Responsibilities
ByteDance will be prioritizing applicants who have a current right to work in Singapore, and do not require ByteDance's sponsorship of a visa. Team Introduction The mission of our AML team is to push next-generation machine learning algorithms and platforms for the recommendation system, ads ranking and search ranking in our company. We also drive substantial impact on core businesses of the company. Responsibilities: 1. Resource Efficiency Optimization in Distributed Orchestration and Scheduling: - Develop and extend distributed orchestration frameworks within the Kubernetes/Godel ecosystem. Select appropriate frameworks based on different business scenarios, and optimize cluster utilization and load balancing strategies according to the specific characteristics of each scenario - Integrate and expand AutoScaling and automatic parallelization capabilities for various models and tasks.
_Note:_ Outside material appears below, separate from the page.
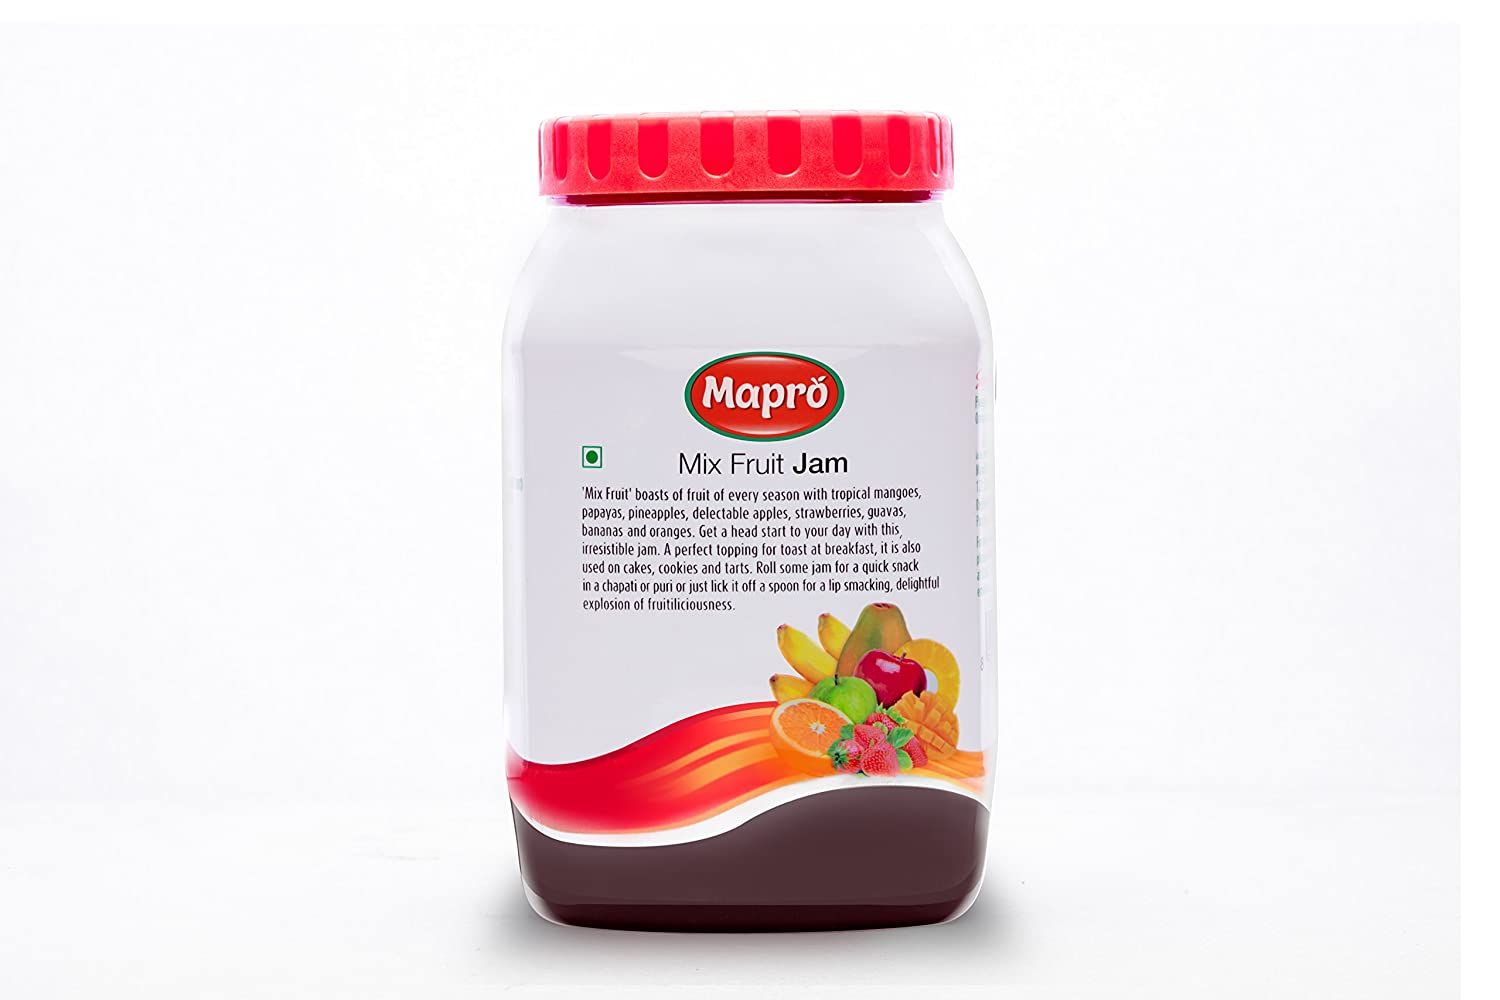 Mapro Mix Fruit Jam Image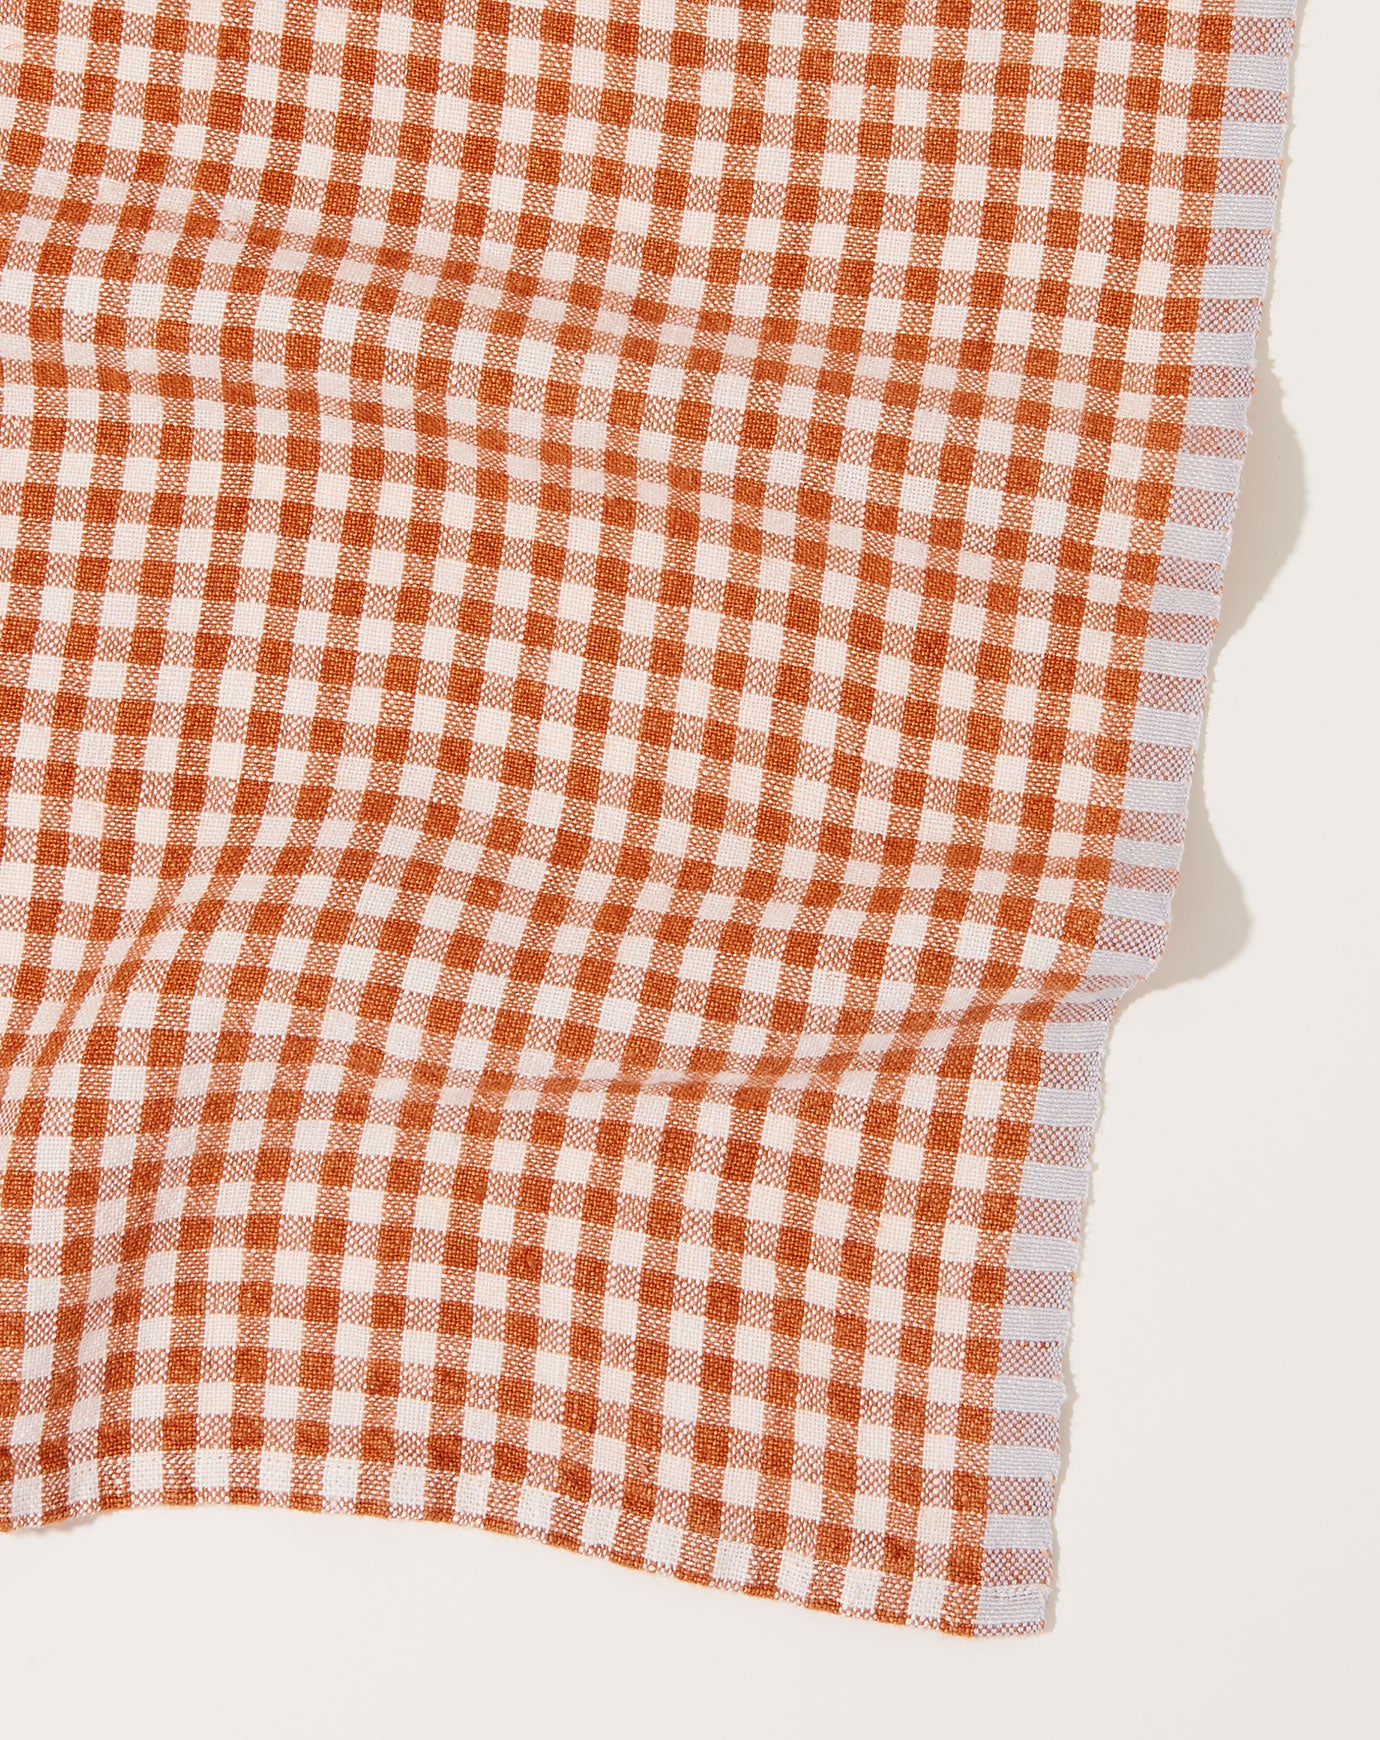 Caravan Gingham Tea Towels, Set of 2 - Aqua/Orange

Employ load modeling and analytic methods for different models to automatically optimize resource requests, achieving large-scale improvements in resource usage efficiency and global optimality - Responsible for preemption and re-scheduling mechanisms for services with different prioritties, and manage automatic resource multiplexing across different clusters and resource types handle scheduling and load adaptation across multi-datacenter, multi-region, and multi-cloud environments. 2. Building Training System Architecture for Next-Generation Ultra-Large and Ultra-Deep Recommendation Models: - Develop a flexible, elastic and robust distributed training runtime focused on hyper-scaled embeddings and large-scale GPU training - Design and optimize distributed computing APIs and runtimes geared towards future recommendation and ads model paradigms (e.g., reinforcement learning, fine-tuning and/or distillation) - Collaborate with platform teams to enhance the diagnosability and usability of distributed training systems. 3. Constructing Online Orchestration Architecture for Next-Generation Recommendation Systems: - Build a robust and stable distributed model inference architecture for online learning scenarios involving hyper-scaled embeddings - Optimize the usability of online recommendation and ads model architectures and MLops workflows.
Qualifications
Minimum Qualifications - Bachelor's degree or above, majoring in Computer Science, Engineering or related fields. - Strong programming and coding experience with at least one modern language such as Golang, Python. - Experience contributing to the large scale distributed systems, multi-tenant systems (architecture, reliability and scaling). - Strong analytical abilities and problem solving. - Good communication, self-motivation, engineering practice, documentation, etc. - At least 3 years of relevant experience. Preferred Qualifications - Familiar with large-scale distributed scheduling systems like Kubernetes, Yarn, Flink and/or Spark - Familiar with opensourced orchestration frameworks like VeRL, vLLM, Ray or TFX, etc.